We show our forecasts below and in the appendix. At the mid point of guidance revenue grows another 15%. We believe EBITDA will reach $98.7m assuming the margin remains at 28%. Cash from operations reaches $104.9m and net debt goes to $76.1m. This will allow management to pay out at least 3.04pps in dividends – currently yielding 3.4%.
Investment Case
The investment case is still centred on diversified and therefore low risk growth. This in turn has been accelerated by the breakthrough technology that is Chrysos which carries very low capital requirements. The engine room drilling business is benefitting from the increasingly large and high quality client base for whom Capital works and finally the mining service operations have the ability to deliver step changes to the P&L. The growth is accompanied by a dividend and an investment business with assets currently worth $47.2m. We believe the company should start to set investment parameters and structure to its investing. This, along with the release of the margins in the MSALABs operation, may encourage the market to apply a SOTP analysis to the valuation which, using our methodology, comes to 157pps."
A completely bizarre start today, presumably caused by short-term traders. And an opportunity for those wishing to buy!
Zeus have raised their forecasts for this year yet again and acknowledged the beating of their already raised expectations for last year:
They now forecast 25.4c EPS this year, rising to 27.3c EPS next year.
The dividend is also now forecast to rise to 2.2p this year. And net debt is to fall dramatically to £23.2m.
Brief extracts:
"Assisted by share buybacks in the period, adjusted basic EPS increased by 17.2% to 23.2 US cents, 3.6% ahead of our recently upgraded estimate. With these results, Team Internet extends its track record of upgrading and outperforming expectations."
"Record results
Team Internet’s FY23 results confirmed another strong year of trading from its
Online Marketing and Online Presence businesses. Both revenue and EBITDA growth remained in double digits, margins on net revenue continued to improve, and cash conversion remained strong. We continue to believe that the Group has substantial long-term growth opportunities including international expansion, new partner development, and vertical integration. In our view, Team Internet’s strong track record, cash generation and growth opportunities, both organic and inorganic, are not reflected in its 4.8x 2024 EV/EBITDA multiple."

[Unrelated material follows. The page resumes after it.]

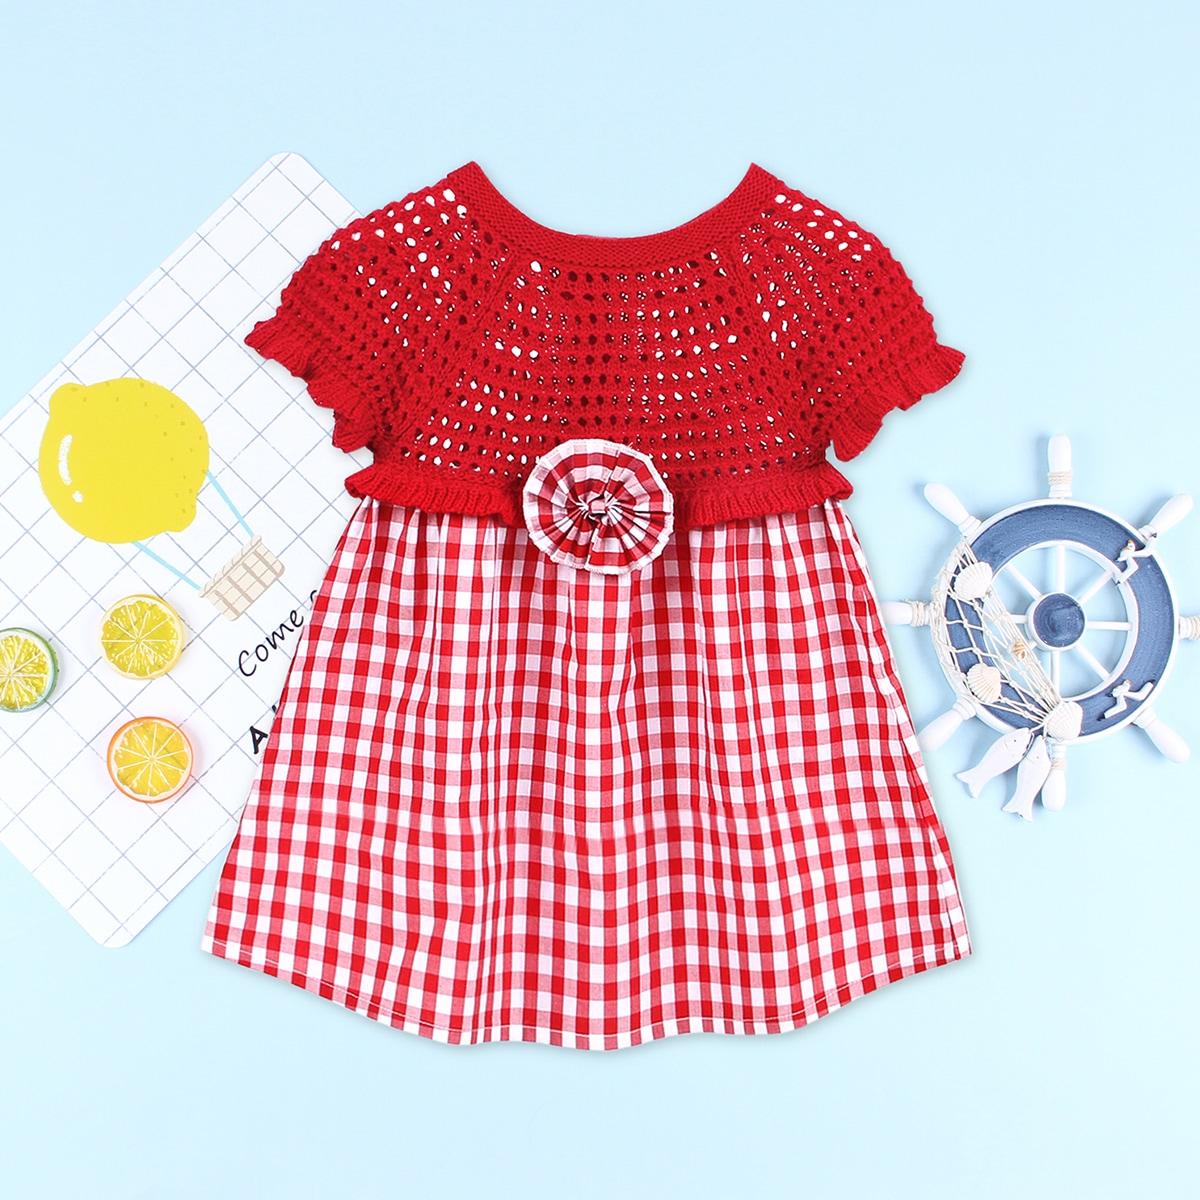 Оборка Клетка милый Трикотажные платья для девочек по цене 760

"Outlook: Management remains confident in meeting market expectations for FY24. With Zeus estimates at the bottom of the consensus range, we increase FY24 EBITDA by $1.0m (1%) to $98.3m, which may still prove to be conservative. EPS growth, now +9.5% yoy, is enhanced by the full year impact of share buybacks. We increase FY24 DPS from 1.8p to 2.2p. Forecast changes are summarised on page 3. FY26 forecasts are also introduced today, showing 6% net revenue growth and further margin expansion.
Valuation: We continue to believe Team Internet shares are very attractively valued. Despite the strong operating performance and financial results, the share price is broadly flat on 12 month basis. The shares trade at only 4.8x EV/ EBITDA 2024 and 6.8x PE, with a 16.7% FCFF yield. In comparison, Online Presence peers trade at 9.2x EV/EBITDA 2024 and Online Marketing peers trade at 7.3x, 91% and 52% valuation premiums to Team Internet."